Plaintiff contends that the trial court erred by concluding that this factor favored neither party because there was no evidence that she had continued to disrupt AM's relationship with defendant, while the record clearly showed that defendant had deprived plaintiff of parenting time and AM of a relationship with his mother. Although plaintiffs argument has some merit, the trial court's determination that this factor favored both parties equally was not so contrary to the weight of the evidence that it was unwarranted or is so plainly a miscarriage of justice that it would warrant a new trial. See Fletcher, 447 Mich. at 877-878.
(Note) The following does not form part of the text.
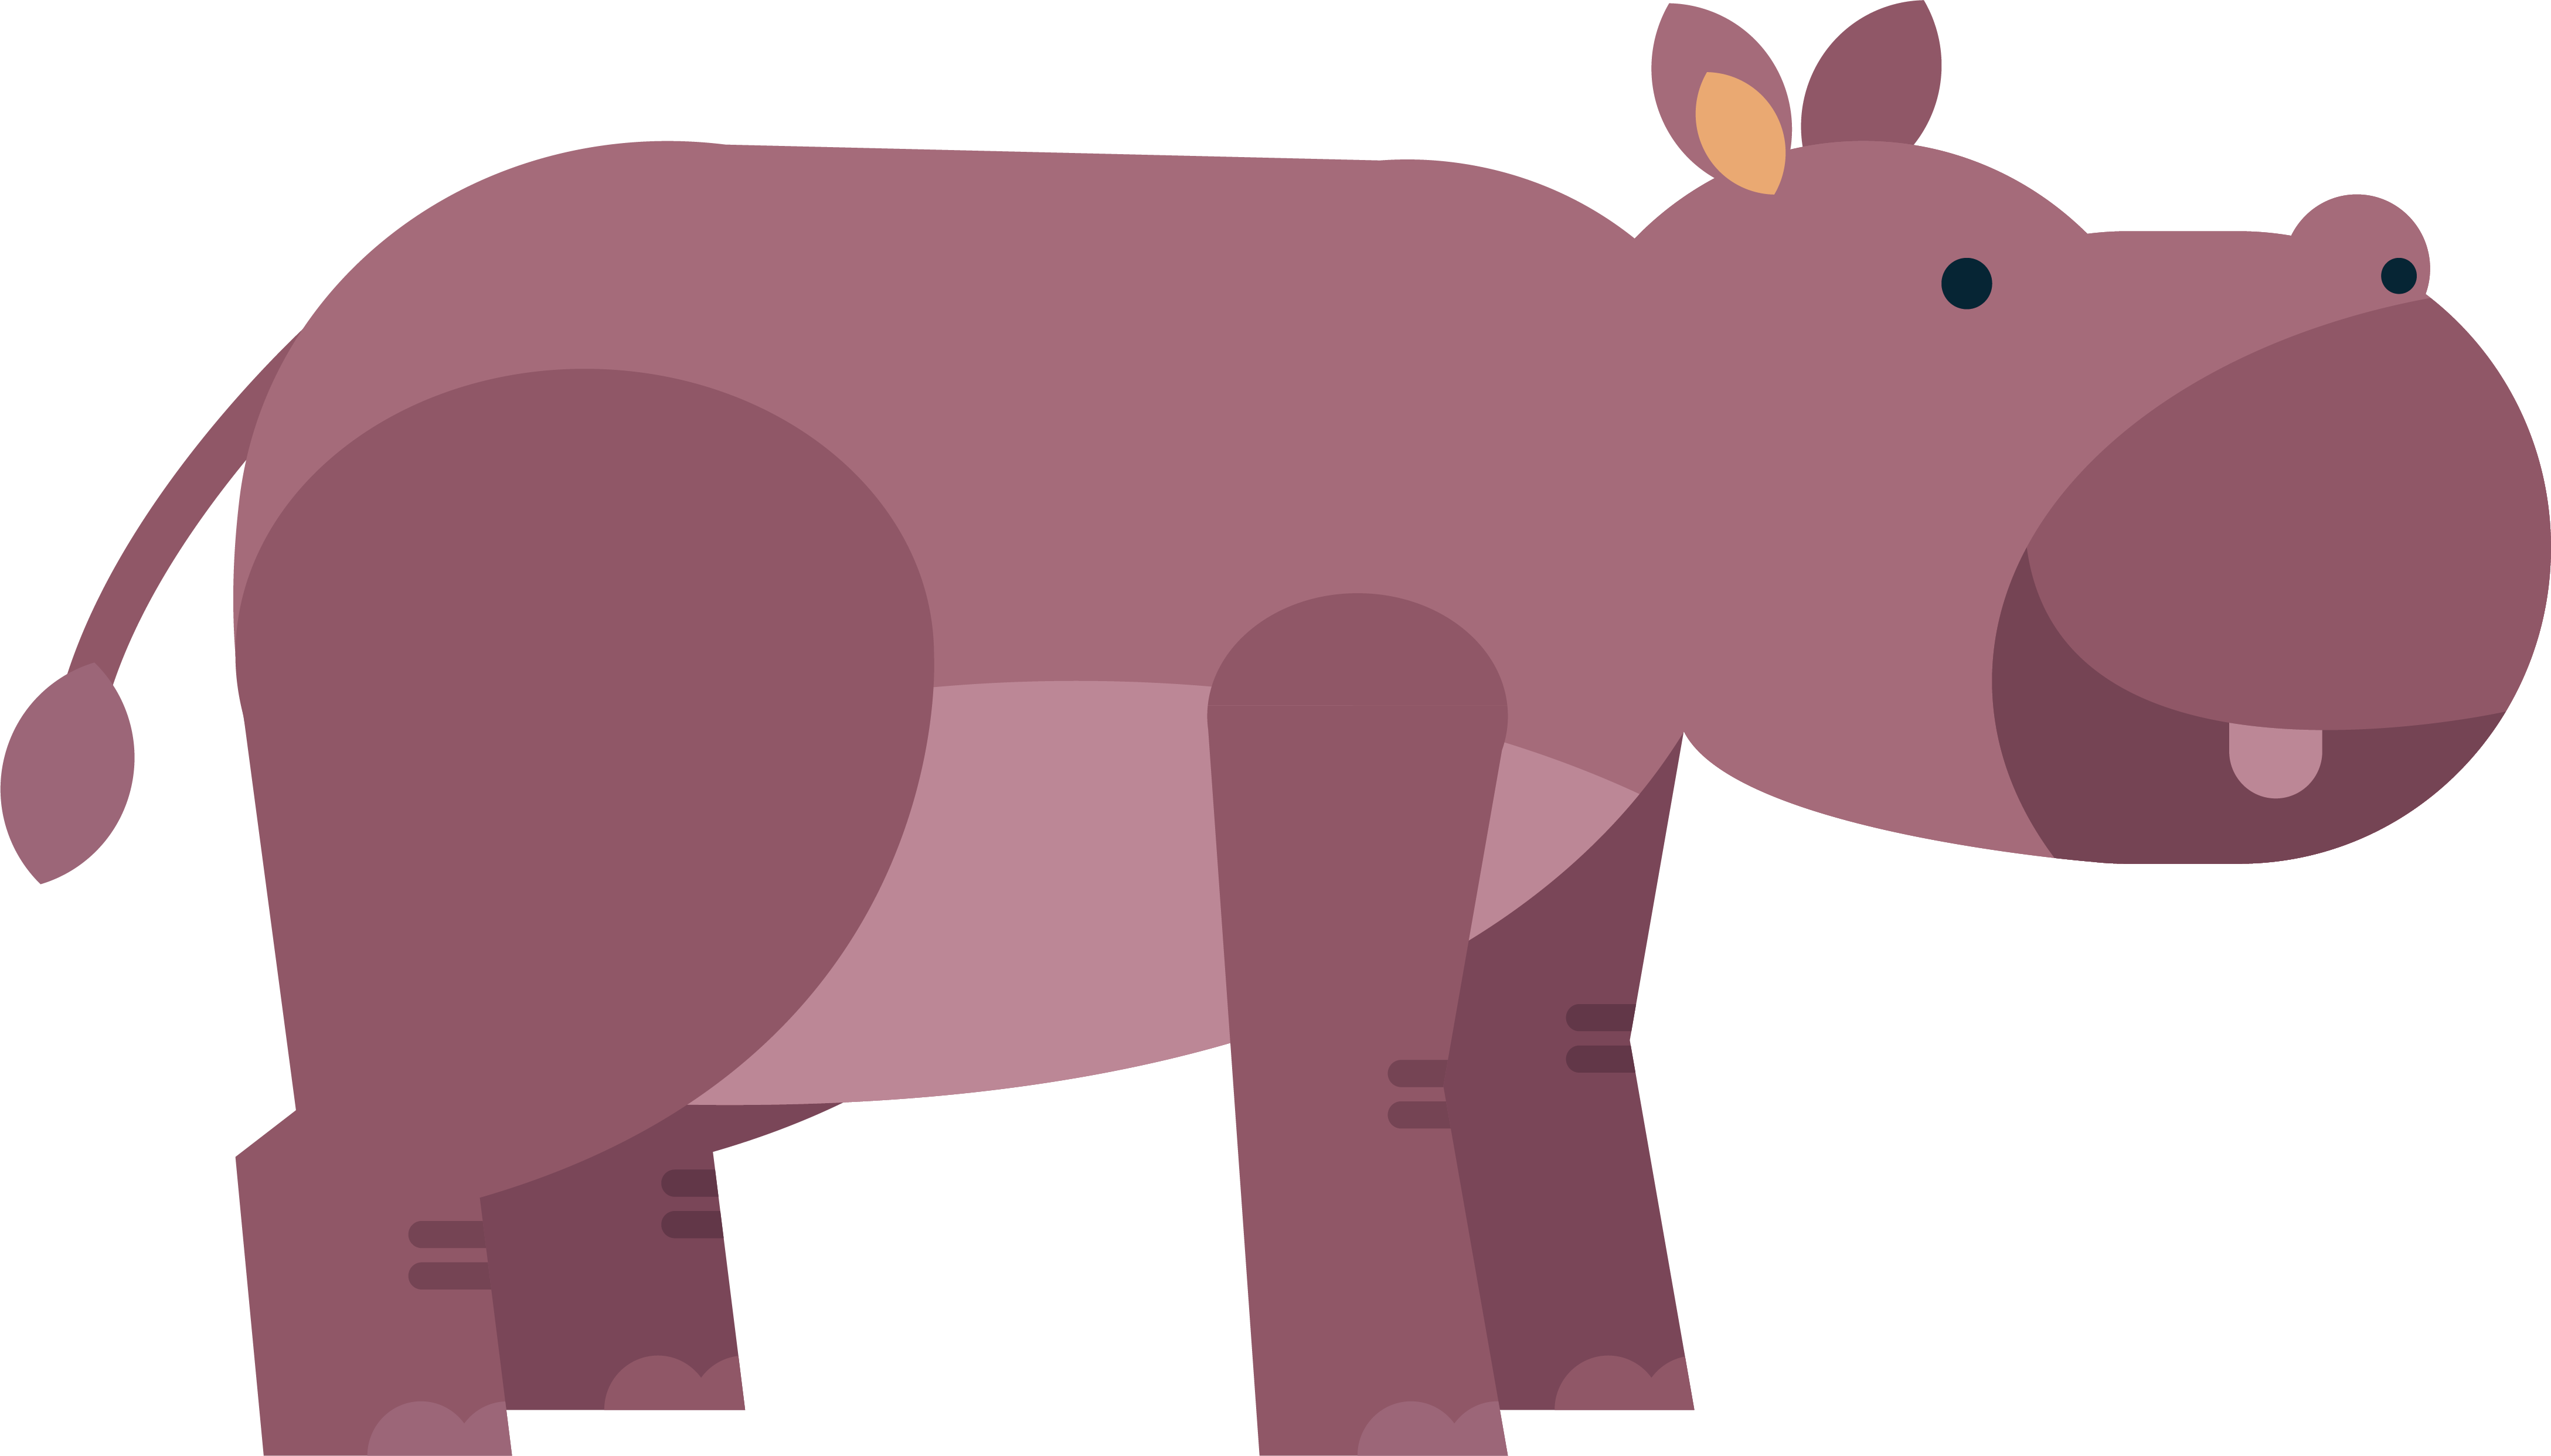 Dog Hippopotamus Pig Cartoon Illustration - Hippopotamus (4352x2484)

The referee concluded after the November 2018 hearing that Factor (j) favored defendant because "[l]ittle evidence as to plaintiff was offered" and that defendant's request that plaintiffs parenting time be supervised was not made out of spite, but out of reasonable concerns about AM's safety. No additional testimony about plaintiffs willingness and ability to foster a parent-child relationship was offered at the de novo hearing. As to defendant, however, evidence offered suggested that, although his concerns about AM during plaintiffs exercise of parenting time may have had some validity, as evinced by the terms of the trial court's parenting-time order, he had withheld parenting time from plaintiff unreasonably by, in the words of the court, trying to "control every aspect of what would happen or when it will happen as it relates to parenting time with the plaintiff."
The order allowed plaintiff's mother, Karen Pulido, to supervise parenting time, but also required defendant to be present.
Considering that plaintiff had not exercised parenting time with AM in nearly a year before the de novo hearing, that she was not disrupting defendant's relationship with AM did not reflect a choice on her part that might count in favor. The trial court's parenting-time order suggests that the court saw some validity in defendant's concerns about AM's safety, while its warning to defendant that he did not have the privilege of controlling every aspect of parenting time had been an unreasonable response to these concerns. Under these circumstances, the trial court's finding that Factor (j) favored neither party was not so contrary to the weight of the evidence that it was unwarranted or is so plainly a miscarriage of justice that it would warrant a new trial. See Fletcher, 447 Mich. at 877-878.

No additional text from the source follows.